>>>>

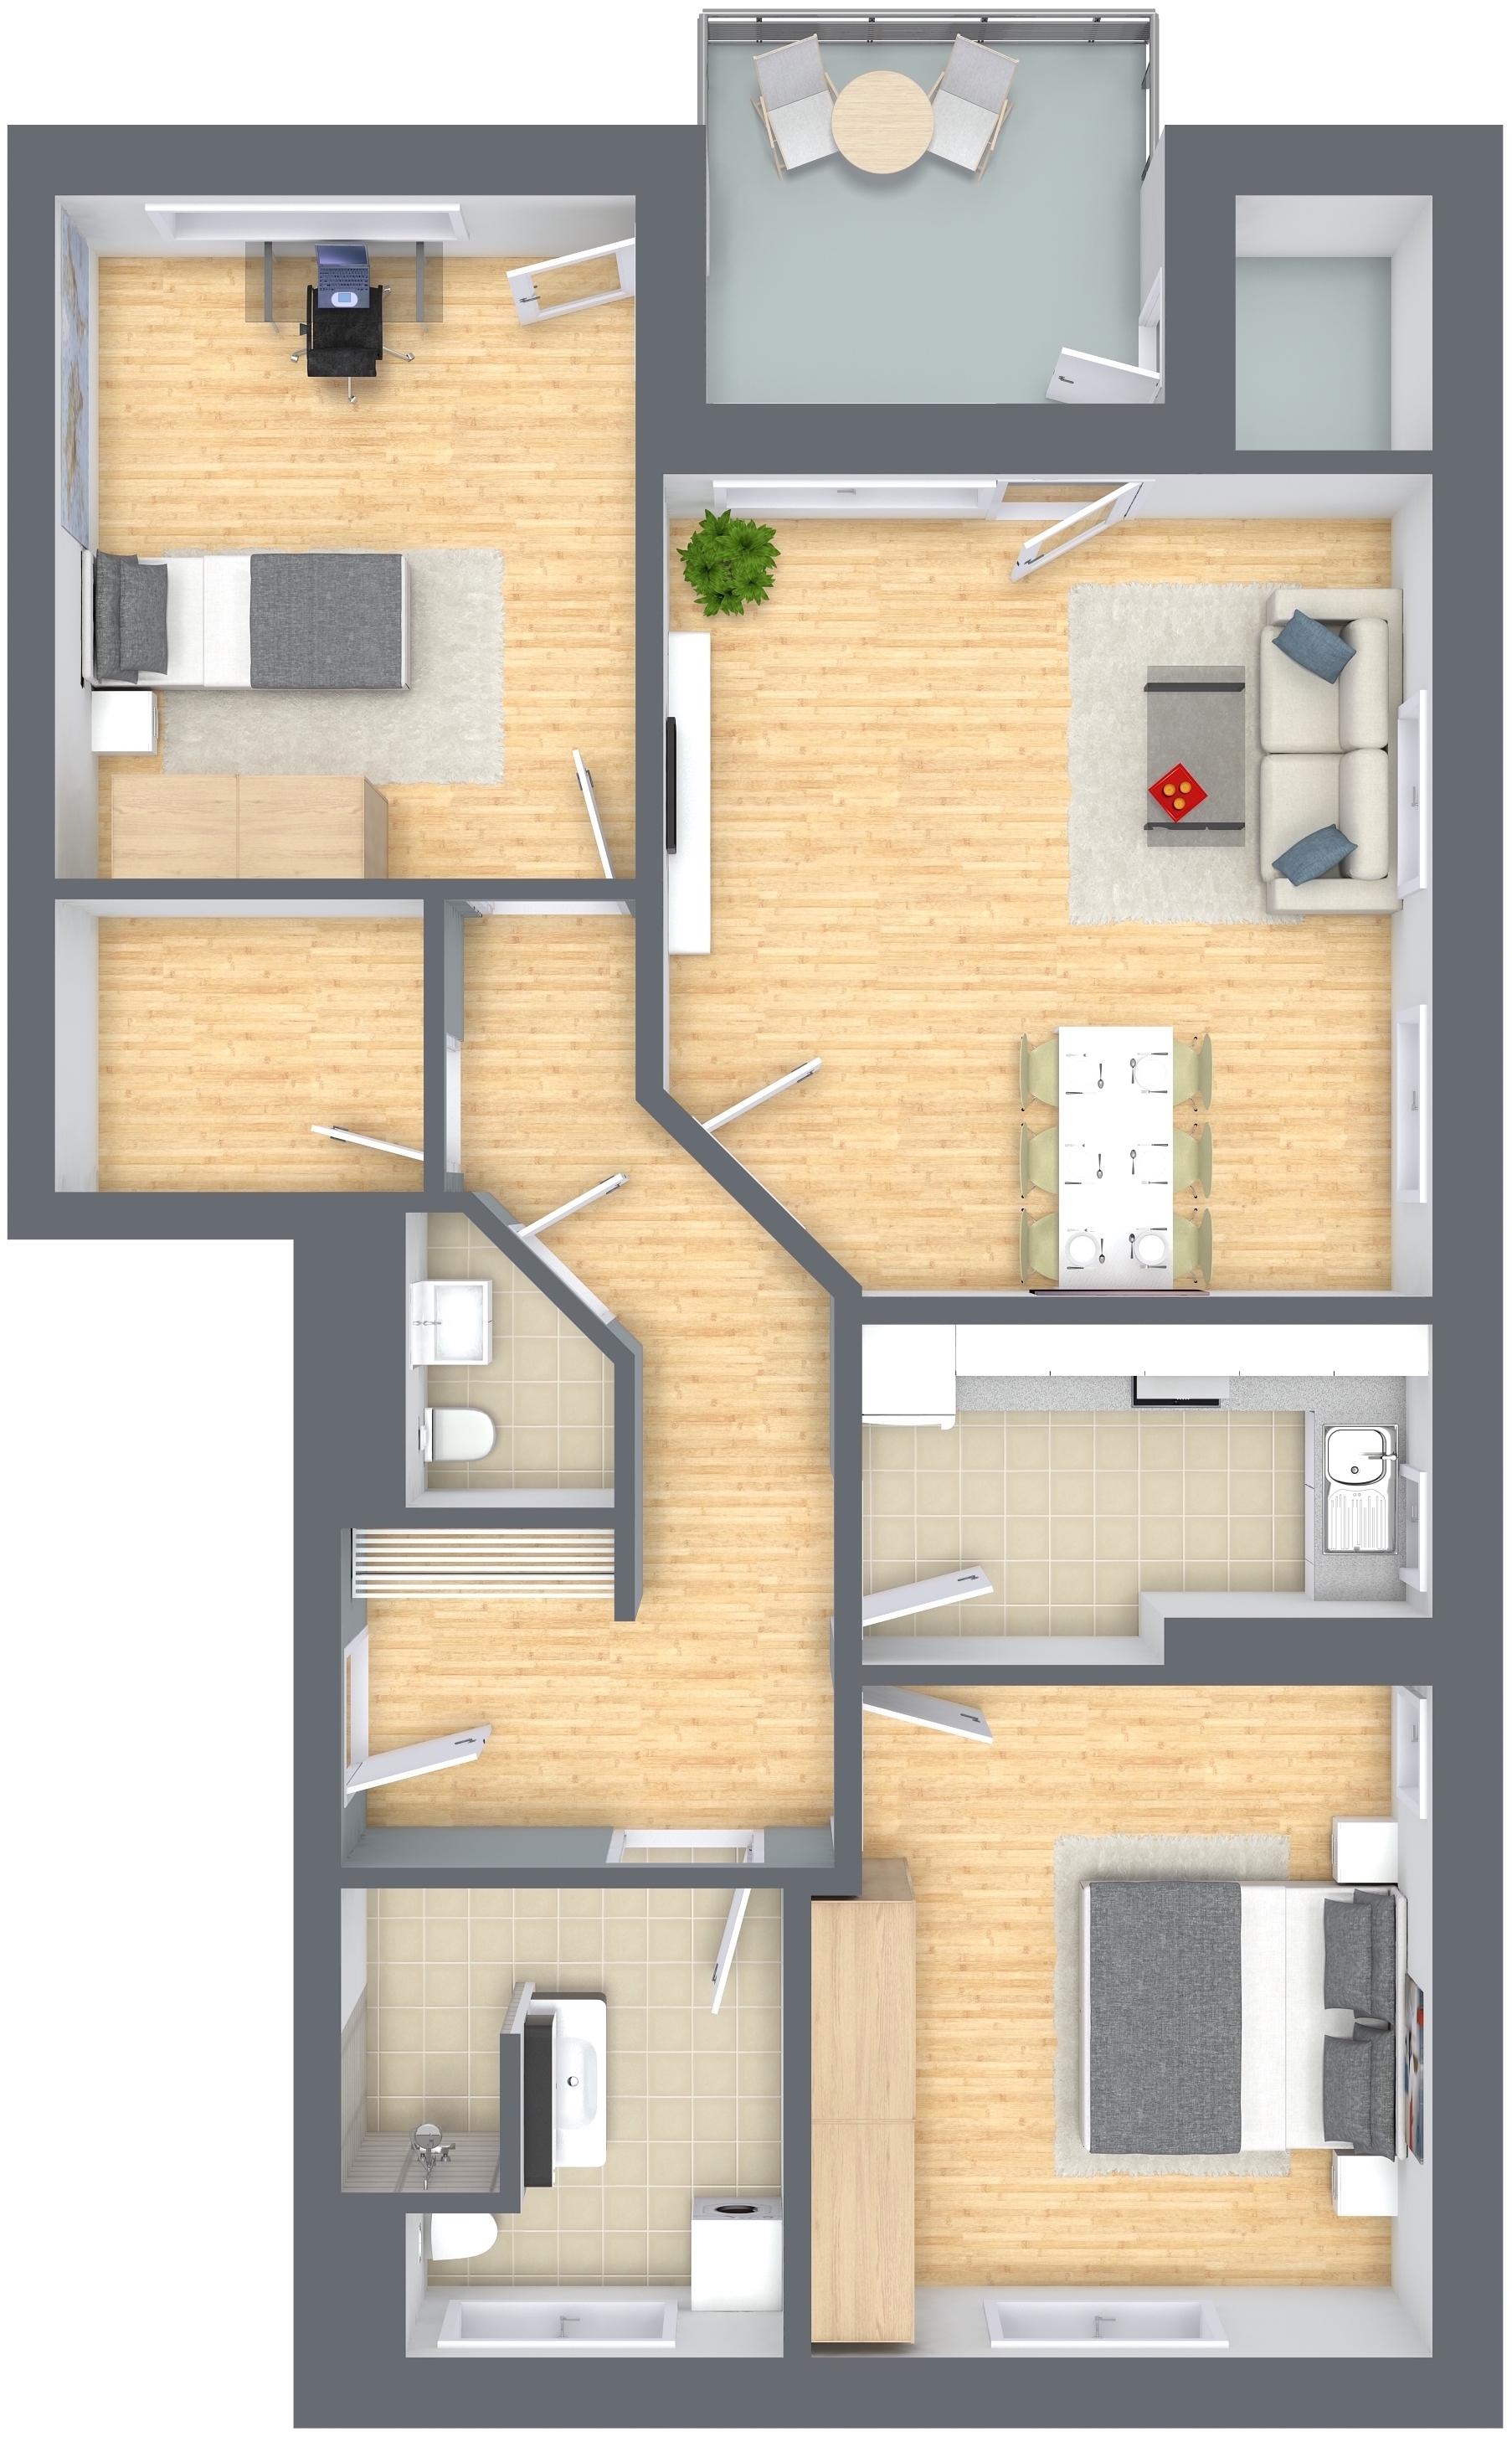 der klassiker in gro d7 oliver klenz der immobilienprofi. Black Bedroom Furniture Sets. Home Design Ideas
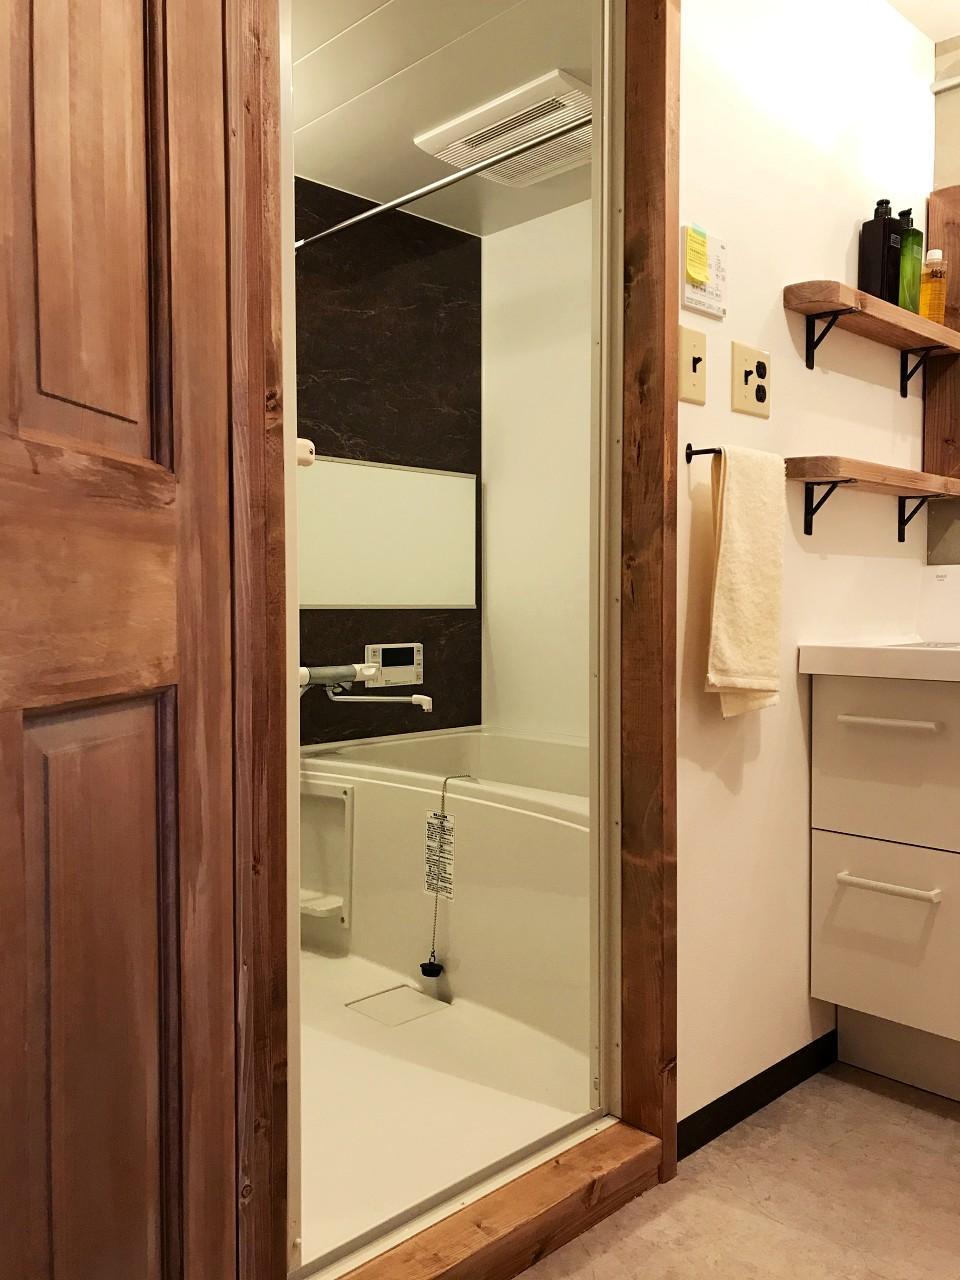 でもお風呂は追焚に浴室乾燥付きです
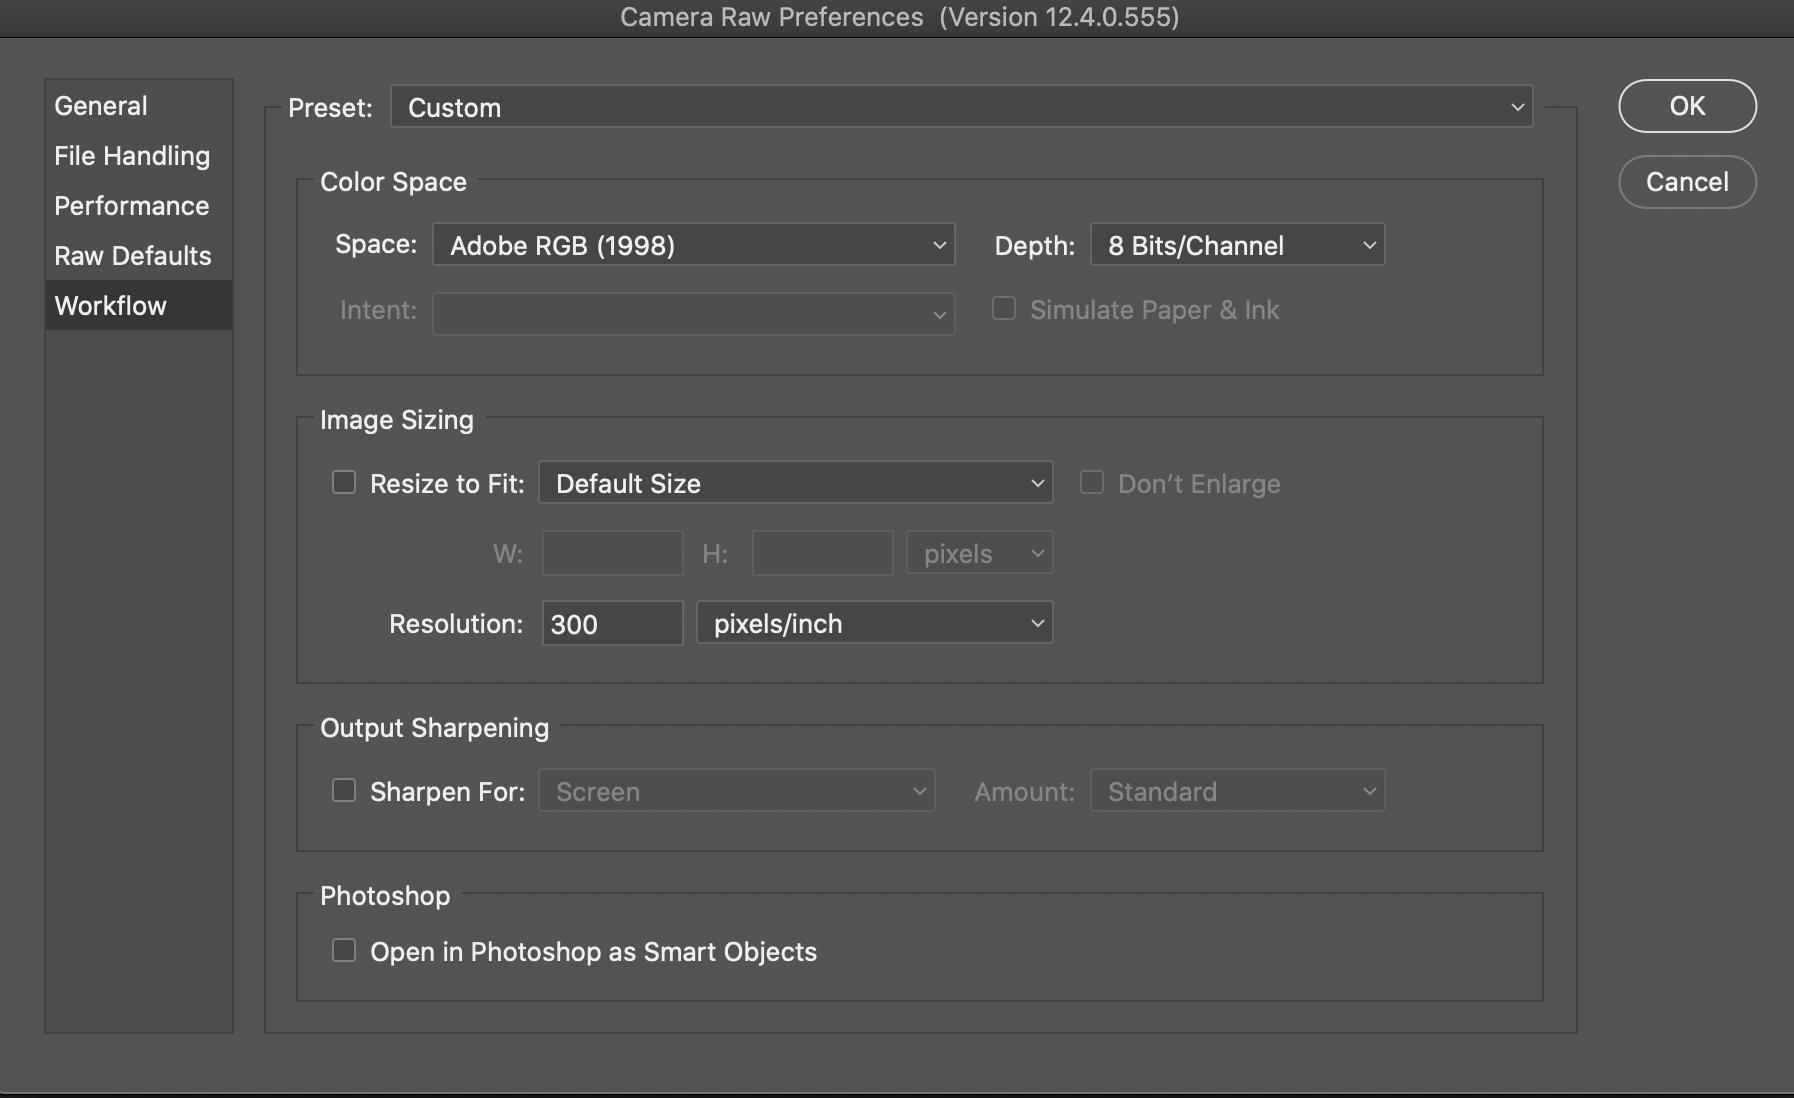 Screen Shot 2020-09-21 at 6.45.06 AM.png
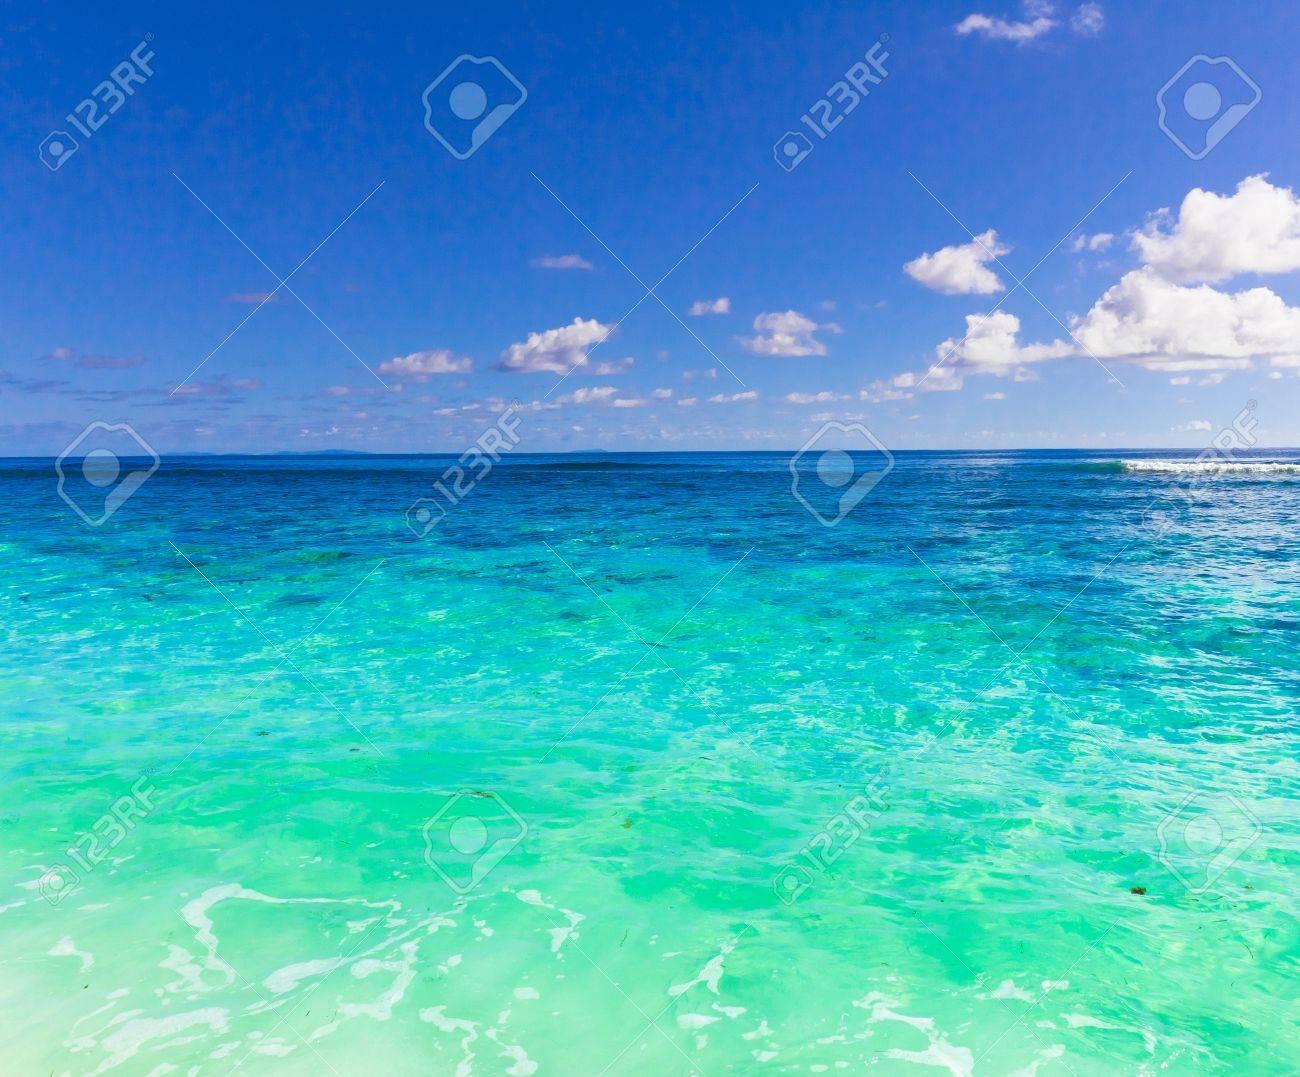 夏の海の壁紙 の写真素材 画像素材 Image 10656326

<<<<

__EXERCISE INSTRUCTIONS__
Copy every line of the listing above exactly. Leave each picture out.

__EXERCISE SOLUTION__
 der klassiker in gro d7 oliver klenz der immobilienprofi. Black Bedroom Furniture Sets. Home Design Ideas
 でもお風呂は追焚に浴室乾燥付きです
 Screen Shot 2020-09-21 at 6.45.06 AM.png
 夏の海の壁紙 の写真素材 画像素材 Image 10656326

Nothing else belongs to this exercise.